I don’t set the unique ID. Documentation claims that it is set from
the hostname. They will surely be unique, or the whole world would
blow up. How can I check the actual unique ID being used? The kernel
reports a blank one, but I think that just means to use the hostname.
We could obviously set a unique one if that would be useful.
On Apr 13, 2021, at 11:35 AM, Benjamin Coddington
<bcodding@xxxxxxxxxx> wrote:
It would be interesting to know why your clients are failing to
reclaim their locks. Something is misconfigured. What server are
you using, and is there anything fancy on the server-side (like HA)?
Is it possible that you have clients with the same nfs4_unique_id?
Ben
On 13 Apr 2021, at 11:17, hedrick@xxxxxxxxxxx wrote:
many, though not all, of the problems are “lock reclaim failed”.

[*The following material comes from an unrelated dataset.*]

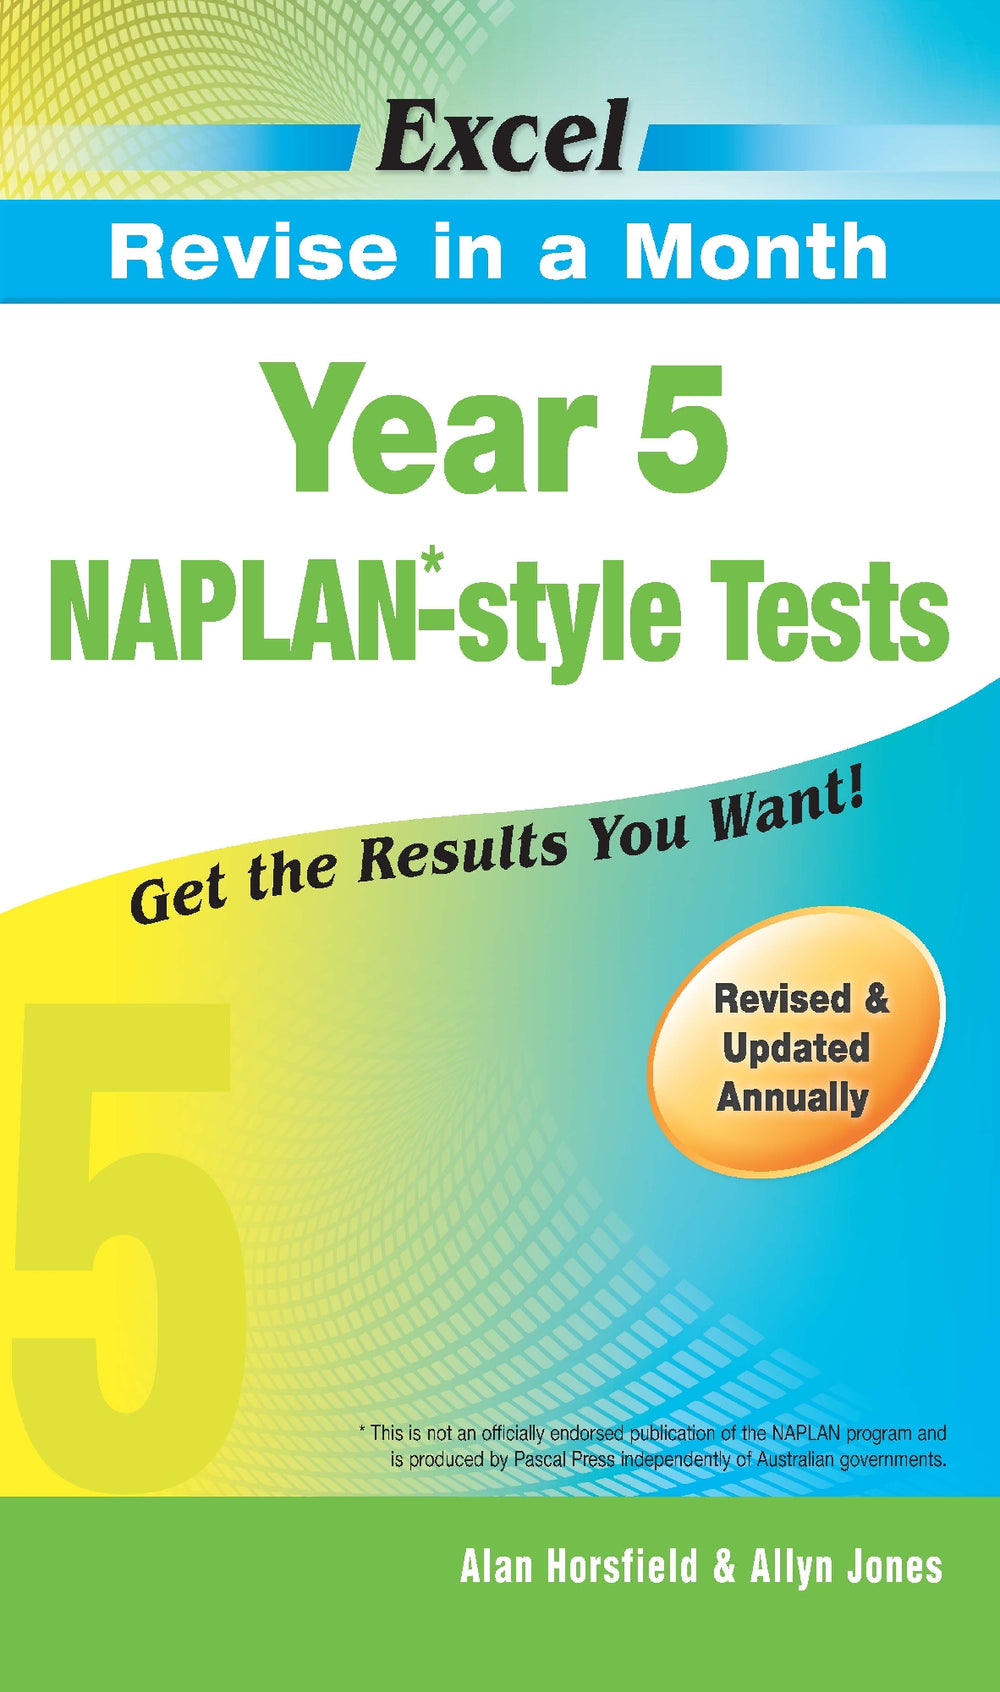 Excel Revise in a Month NAPLAN*-style Tests Year 5
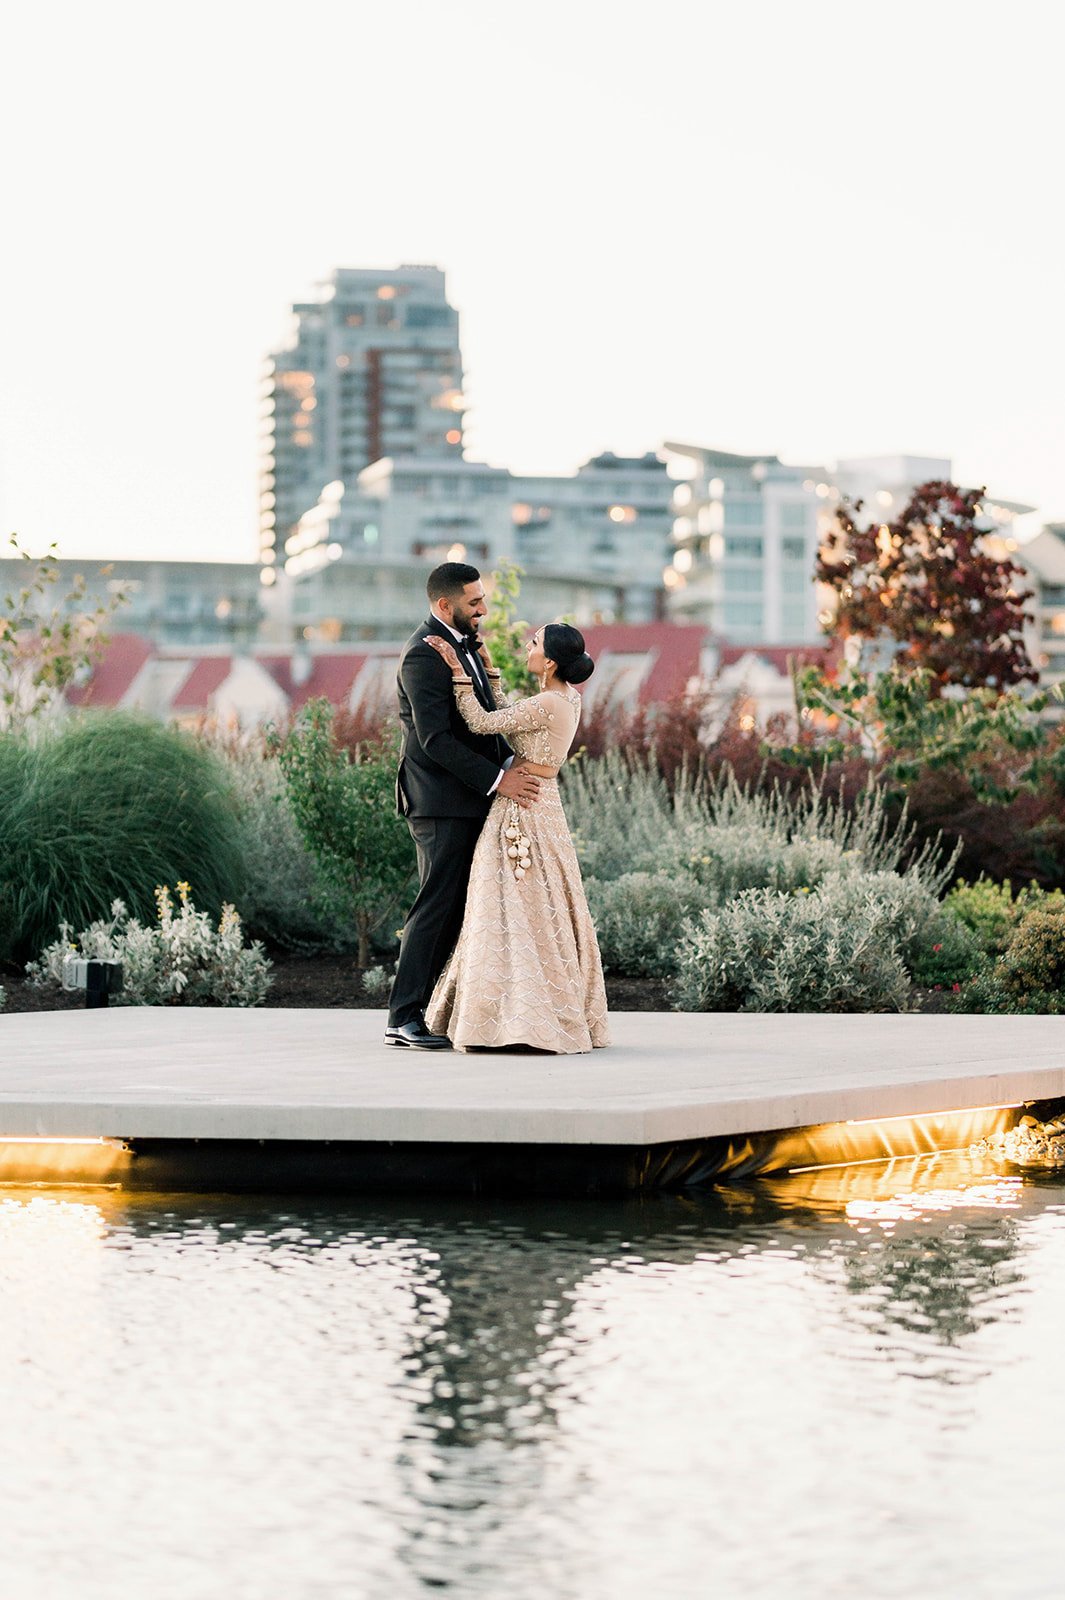 An Indian groom in a black suit and a bride in a gold lehenga dance on a boat dock in Victoria BC.

On Apr 13, 2021, at 10:52 AM, Patrick Goetz
<pgoetz@xxxxxxxxxxxxxxx> wrote:
I use NFS 4.2 with Ubuntu 18/20 workstations and Ubuntu 18/20
servers and haven't had any problems.
Check your configuration files; the last time I experienced
something like this it's because I inadvertently used the same fsid
on two different exports. Also recommend exporting top level
directories only. Bind mount everything you want to export into
/srv/nfs and only export those directories. According to Bruce F.
this doesn't buy you any security (I still don't understand why),
but it makes for a cleaner system configuration.
On 4/13/21 9:33 AM, hedrick@xxxxxxxxxxx wrote:
I am in charge of a large computer science dept computing
infrastructure. We have a variety of student and develo9pment
users. If there are problems we’ll see them.
We use an Ubuntu 20 server, with NVMe storage.
I’ve just had to move Centos 7 and Ubuntu 18 to use NFS 4.0. We
had hangs with NFS 4.1 and 4.2. Files would appear to be locked,
although eventually the lock would time out. It’s too soon to be
sure that moving back to NFS 4.0 will fix it. Next is either NFS 3
or disabling delegations on the server.
Are there known versions of NFS that are safe to use in production
for various kernel versions? The one we’re most interested in is
Ubuntu 20, which can be anything from 5.4 to 5.8.